> _Exercise goal_
Reproduce the data that follows in its entirety, character for character.

[Source data]
Content starts
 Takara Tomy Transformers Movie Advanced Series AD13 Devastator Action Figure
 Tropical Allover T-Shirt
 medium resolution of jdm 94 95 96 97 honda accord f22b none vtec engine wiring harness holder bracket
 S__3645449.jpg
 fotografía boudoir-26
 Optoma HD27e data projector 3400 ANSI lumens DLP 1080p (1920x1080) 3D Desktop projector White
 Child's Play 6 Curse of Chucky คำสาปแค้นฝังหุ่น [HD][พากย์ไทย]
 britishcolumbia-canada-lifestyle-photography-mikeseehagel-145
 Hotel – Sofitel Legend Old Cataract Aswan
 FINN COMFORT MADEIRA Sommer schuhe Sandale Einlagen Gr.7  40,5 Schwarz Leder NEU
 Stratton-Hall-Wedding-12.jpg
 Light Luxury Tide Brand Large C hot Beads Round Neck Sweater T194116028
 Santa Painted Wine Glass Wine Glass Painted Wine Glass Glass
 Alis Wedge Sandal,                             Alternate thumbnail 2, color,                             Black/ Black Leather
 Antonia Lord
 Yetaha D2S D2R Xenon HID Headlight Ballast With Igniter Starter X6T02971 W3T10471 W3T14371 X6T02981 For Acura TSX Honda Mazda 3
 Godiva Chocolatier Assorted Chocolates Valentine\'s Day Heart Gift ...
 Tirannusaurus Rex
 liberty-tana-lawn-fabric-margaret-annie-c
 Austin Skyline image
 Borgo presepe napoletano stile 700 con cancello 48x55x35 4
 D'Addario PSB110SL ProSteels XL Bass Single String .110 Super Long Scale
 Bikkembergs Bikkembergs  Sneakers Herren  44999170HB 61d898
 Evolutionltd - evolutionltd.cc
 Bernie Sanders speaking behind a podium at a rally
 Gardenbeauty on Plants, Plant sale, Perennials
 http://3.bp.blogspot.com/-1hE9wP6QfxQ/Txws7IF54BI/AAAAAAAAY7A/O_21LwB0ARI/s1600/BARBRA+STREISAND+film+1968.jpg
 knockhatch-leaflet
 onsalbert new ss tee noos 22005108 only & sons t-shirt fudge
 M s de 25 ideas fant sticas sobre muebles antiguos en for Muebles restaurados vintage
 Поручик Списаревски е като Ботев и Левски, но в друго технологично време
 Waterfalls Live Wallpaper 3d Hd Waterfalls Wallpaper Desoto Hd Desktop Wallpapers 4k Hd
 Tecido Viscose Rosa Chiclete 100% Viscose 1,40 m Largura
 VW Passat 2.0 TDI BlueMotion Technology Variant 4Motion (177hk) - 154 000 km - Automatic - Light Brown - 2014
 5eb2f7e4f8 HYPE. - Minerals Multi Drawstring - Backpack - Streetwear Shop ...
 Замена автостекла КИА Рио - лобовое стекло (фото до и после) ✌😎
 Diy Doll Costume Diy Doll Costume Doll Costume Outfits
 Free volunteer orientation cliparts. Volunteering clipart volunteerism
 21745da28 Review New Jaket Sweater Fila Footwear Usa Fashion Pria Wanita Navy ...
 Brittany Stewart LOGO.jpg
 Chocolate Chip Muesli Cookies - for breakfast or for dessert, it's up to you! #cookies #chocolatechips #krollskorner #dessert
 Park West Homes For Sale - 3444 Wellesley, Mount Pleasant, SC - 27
Content ends
> _Task answer_
 Takara Tomy Transformers Movie Advanced Series AD13 Devastator Action Figure
 Tropical Allover T-Shirt
 medium resolution of jdm 94 95 96 97 honda accord f22b none vtec engine wiring harness holder bracket
 S__3645449.jpg
 fotografía boudoir-26
 Optoma HD27e data projector 3400 ANSI lumens DLP 1080p (1920x1080) 3D Desktop projector White
 Child's Play 6 Curse of Chucky คำสาปแค้นฝังหุ่น [HD][พากย์ไทย]
 britishcolumbia-canada-lifestyle-photography-mikeseehagel-145
 Hotel – Sofitel Legend Old Cataract Aswan
 FINN COMFORT MADEIRA Sommer schuhe Sandale Einlagen Gr.7  40,5 Schwarz Leder NEU
 Stratton-Hall-Wedding-12.jpg
 Light Luxury Tide Brand Large C hot Beads Round Neck Sweater T194116028
 Santa Painted Wine Glass Wine Glass Painted Wine Glass Glass
 Alis Wedge Sandal,                             Alternate thumbnail 2, color,                             Black/ Black Leather
 Antonia Lord
 Yetaha D2S D2R Xenon HID Headlight Ballast With Igniter Starter X6T02971 W3T10471 W3T14371 X6T02981 For Acura TSX Honda Mazda 3
 Godiva Chocolatier Assorted Chocolates Valentine\'s Day Heart Gift ...
 Tirannusaurus Rex
 liberty-tana-lawn-fabric-margaret-annie-c
 Austin Skyline image
 Borgo presepe napoletano stile 700 con cancello 48x55x35 4
 D'Addario PSB110SL ProSteels XL Bass Single String .110 Super Long Scale
 Bikkembergs Bikkembergs  Sneakers Herren  44999170HB 61d898
 Evolutionltd - evolutionltd.cc
 Bernie Sanders speaking behind a podium at a rally
 Gardenbeauty on Plants, Plant sale, Perennials
 http://3.bp.blogspot.com/-1hE9wP6QfxQ/Txws7IF54BI/AAAAAAAAY7A/O_21LwB0ARI/s1600/BARBRA+STREISAND+film+1968.jpg
 knockhatch-leaflet
 onsalbert new ss tee noos 22005108 only & sons t-shirt fudge
 M s de 25 ideas fant sticas sobre muebles antiguos en for Muebles restaurados vintage
 Поручик Списаревски е като Ботев и Левски, но в друго технологично време
 Waterfalls Live Wallpaper 3d Hd Waterfalls Wallpaper Desoto Hd Desktop Wallpapers 4k Hd
 Tecido Viscose Rosa Chiclete 100% Viscose 1,40 m Largura
 VW Passat 2.0 TDI BlueMotion Technology Variant 4Motion (177hk) - 154 000 km - Automatic - Light Brown - 2014
 5eb2f7e4f8 HYPE. - Minerals Multi Drawstring - Backpack - Streetwear Shop ...
 Замена автостекла КИА Рио - лобовое стекло (фото до и после) ✌😎
 Diy Doll Costume Diy Doll Costume Doll Costume Outfits
 Free volunteer orientation cliparts. Volunteering clipart volunteerism
 21745da28 Review New Jaket Sweater Fila Footwear Usa Fashion Pria Wanita Navy ...
 Brittany Stewart LOGO.jpg
 Chocolate Chip Muesli Cookies - for breakfast or for dessert, it's up to you! #cookies #chocolatechips #krollskorner #dessert
 Park West Homes For Sale - 3444 Wellesley, Mount Pleasant, SC - 27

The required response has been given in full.